As a trial judge, I have been exposed to increasing informality in all manner of communications between counsel. Oftentimes, discovery disputes frame the issues with an exhibit of email threads that reflect mutual frustration more than problem-solving dialogue. Many emails lack basic courtesies or proper grammar, let alone insight. My view is that the pressure of law practice, together with the ease of instantaneous communication, cultivates informality and discourtesy. I do not mean to suggest that in-person interaction alone guards against all manner of unprofessional behavior. All the same, we are bolder behind keyboards than we are in courtrooms, and more vocal with the imagined security of a mute button than we would be otherwise. Our brains literally function differently during online exchanges than they do during face-to-face conversations. See Bill Hathaway, Zooming in on Our Brains on Zoom, YaleNews (Oct. 25, 2023). New research casts what some might dismiss as a minor pleasantry—the handshake—as something “deeply biological in origin,” a shared practice with our closest evolutionary relative, the chimp, and an inimitable way to build connection. See Jake Kerridge, The Handshake Is Deeply Biological—We Can’t Let Covid Kill It Off, Telegraph (Mar. 28, 2021). One might wonder how the legal profession will fare in adapting to this increasingly remote paradigm.

Enduring Professionalism

Will the business of law supplant all remnants of professionalism? I take great comfort in the fact that ours is an adversarial system of justice. Good-faith negotiation, respectful argument, and civil discourse are more than passing strategies or tools to be wielded in one instance and then discarded in the next. They are the fundamental building blocks of a successful law practice in a system that aspires to resolve matters under the rule of law. These fundamentals are the key to effective lawyering, and they will outlive both current and future evolutions of law firm business practices driven by technological intervention and economic pressures. In a nutshell, adherence to basic tenets of professionalism and civility makes you a better lawyer.

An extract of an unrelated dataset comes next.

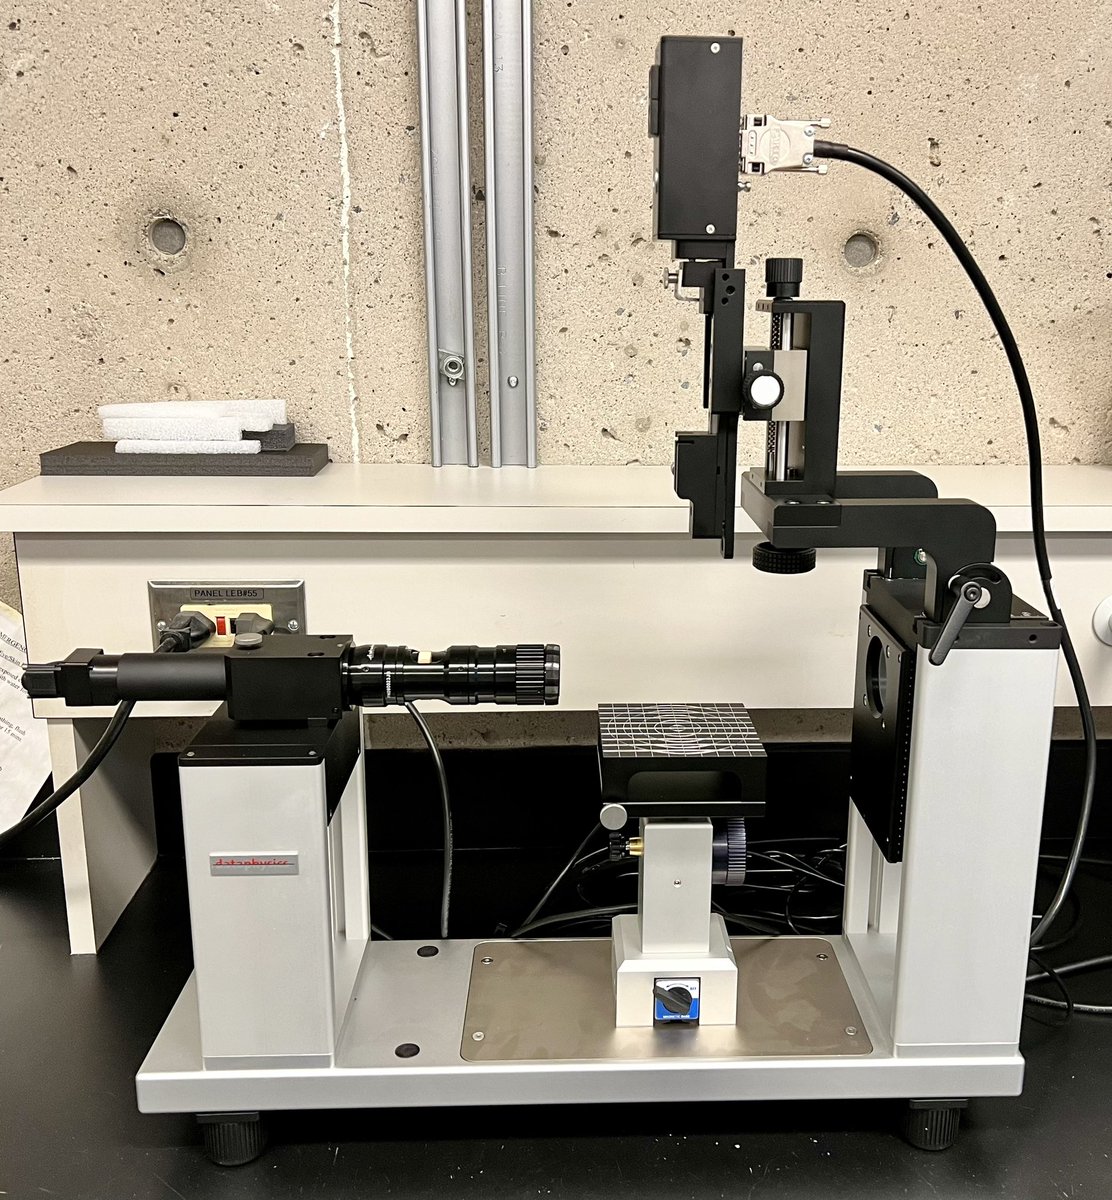 Let's welcome Charles who starts his PhD today with his beautiful shiny new tensiometer….🤩🤩🥳🥳 @UBCGradSchool @UBCBioProducts @ubcLFS

To the members of bench and bar who remember what it was like to practice before the world of virtual hearings and rapid-fire emails, I encourage you to reflect upon what we have lost and what we have maintained. True, changing that meeting with opposing counsel next week from a Zoom call to a lunch might seem frivolous. It might even take more time out of your day. But think about what you might gain with an in-person exchange of perspective. A more personable interaction could mean a new or improved professional connection or simply a more enjoyable working relationship; it could mean some insight into the case that would not otherwise be communicated by ones and zeros; or, admittedly, it could just mean a cup of clam chowder. Until we remember what it was like to sit as lawyers across the table from one another, and to see our colleagues as more than a talking head on a computer screen or a disembodied voice on speakerphone, it is difficult to say just how impactful this small gesture could be.

To the young lawyers, for whom the remote-work environment is all you know, a word of caution. Law is not a profession about convenience and reflexive decision-making. It is deliberative, yeoman-like work inescapably bound up in the complexity of human relationships. Embrace that. Master that. Think twice and three times before you press “Send.” Beware the all-too-common temptation to shed your sense of civility and professionalism in the digital world because it will follow you back into the real world. I promise that you will be a better advocate for it.